Что касается Китая, Горбачев и его советники были очарованы его траекторией и экспериментировали с реформами предприятий в китайском стиле. То, что они не прижились на русской земле, объяснялось не их неумением, а структурными различиями. В китайской деревне новые возможности для квазичастного фермерства в 1970-х годах встретили бурный отклик, а административная перестановка во время «культурной революции» позволила местным властям стать влиятельными менеджерами по накоплению капитала. Для китайского капитала последовали благотворные циклы роста, реформ и политической стабильности. Советский Союз, напротив, дольше оставался в командном режиме; прочно обозначились контуры военно-промышленного комплекса и коллективизированного сельского хозяйства. Поэтому сопротивление реформам было гораздо сильнее, и именно это побудило Горбачева принять рискованную стратегию гласности — либерализацию СМИ и частичную демократизацию. Гласность не только спровоцировала оппозицию со стороны консерваторов, но и подстегнула политизацию, проявляющуюся в кампаниях, волнах забастовок и национальных восстаниях. Горбачев был вынужден лавировать туда-сюда, останавливаться или идти на компромисс на одном этапе, а на другом его тянуло вперед. Потеря центрального контроля угрожала на каждом шагу. Когда 1980-е подошли к концу, гласность пересеклась с колониальной географией, совершенно непохожей на пекинскую. В то время как китайский колониализм, главным образом в Тибете и Синьцзяне, был жестоким, это население сравнительно невелико. Советский Союз, напротив, был воссоздан при Сталине как великороссийская гегемония над множеством угнетенных национальностей и с неформальной империей, охватывающей большую часть Восточной Европы.

Гласность привлекала, а также стимулировала проекты реформ единомышленников в государствах Восточной Европы. Затем они зажгли прикосновение ко всему зданию господства. В 1989 году смена режимов и национальные восстания в Восточной Европе бумерангом перекинулись на СССР, спровоцировав захват власти региональными лидерами и каскад сепаратистских движений, прокатившихся по ныне окончательно разъединяющемуся советскому пространству.

С уходом Горбачева мы можем задуматься об историческом переходе от «коммунизма». Командная экономика, которой он руководил, являла собой классовый проект — не рабочих и крестьян, украшавших ее знамена, а номенклатура. Как и в большинстве государств, в Советском Союзе были периоды стабильности и процветания, в первую очередь 1950–1970-е годы, а иногда и меньше, о чем могли свидетельствовать собственные деды Горбачева, изжеванные на куски в лагерях для военнопленных на Украине 1930-х годов. Государство, которое вслед за Горбачевым превратилось в сегодняшнюю капиталистическую Россию, не является ни более свободным, ни более равноправным, ни эмансипированным, чем оно было во времена командной экономики горбачевской эры — это результат, который западный либерализм запоздало видит, но поймет ли он?

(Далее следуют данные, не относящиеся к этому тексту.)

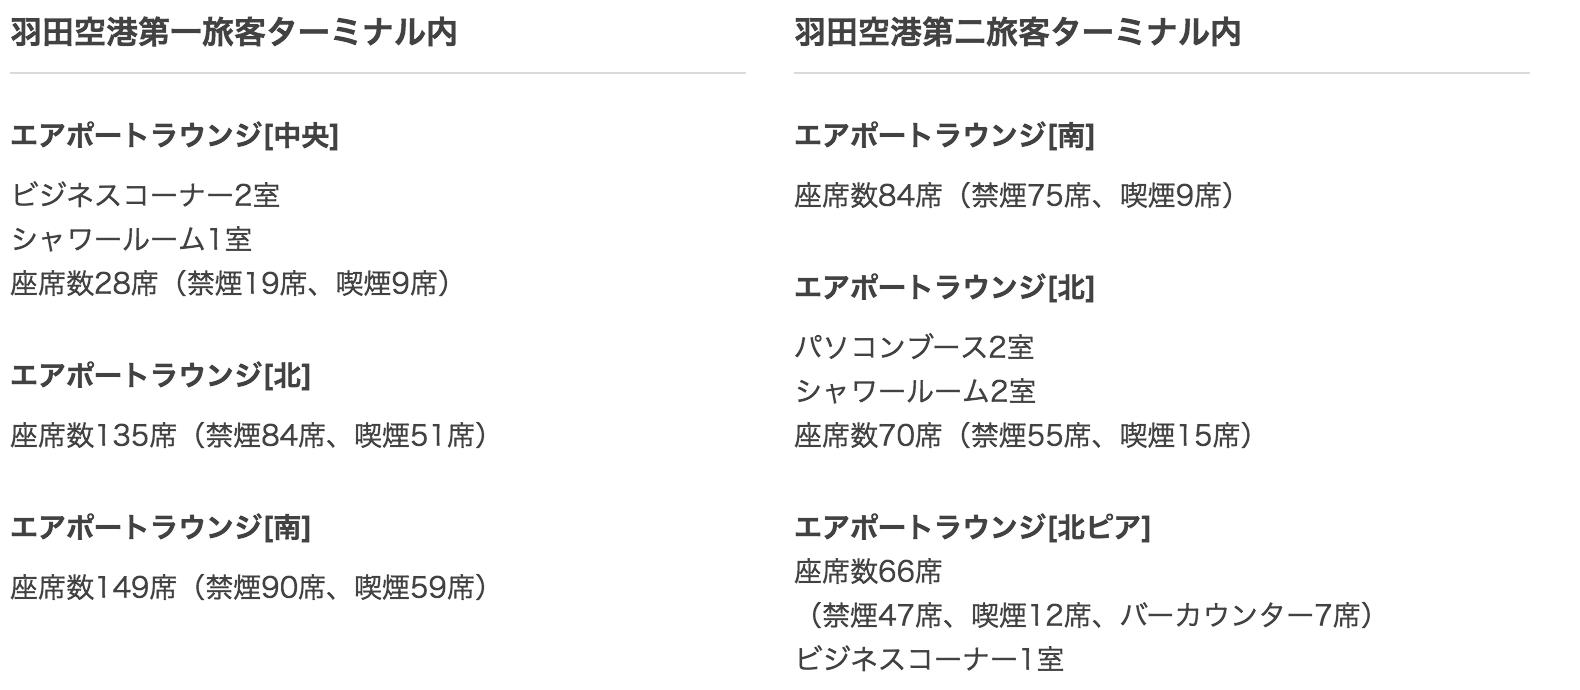 イオン ゴールドカード 羽田空港 ラウンジ

Горбачев называл себя одновременно «продуктом номенклатура [and] его могильщик. Формально это неопровержимо, и все же проводимые им реформы были рассчитаны на сохранение власти тех же чиновников, в алхимии, превращавшей бюрократическое железо в плутократическое золото. Способствуя большему социальному неравенству и незащищенности, процесс рыночных реформ, который он инициировал, перетек в бурные 1990-е годы и вызвал реакционную реакцию авторитарной централизации, которая определила последующую эпоху. Хотя они очень разные по характеру, между Горбачевым и Путиным существует большая преемственность, чем принято считать как на Западе, так и на Востоке.

источник: www.rs21.org.uk

Насколько полезен был этот пост?

Нажмите на звездочку, чтобы поставить оценку!

Средний рейтинг 0 / 5. Подсчет голосов: 0

Голосов пока нет! Будьте первым, кто оценит этот пост.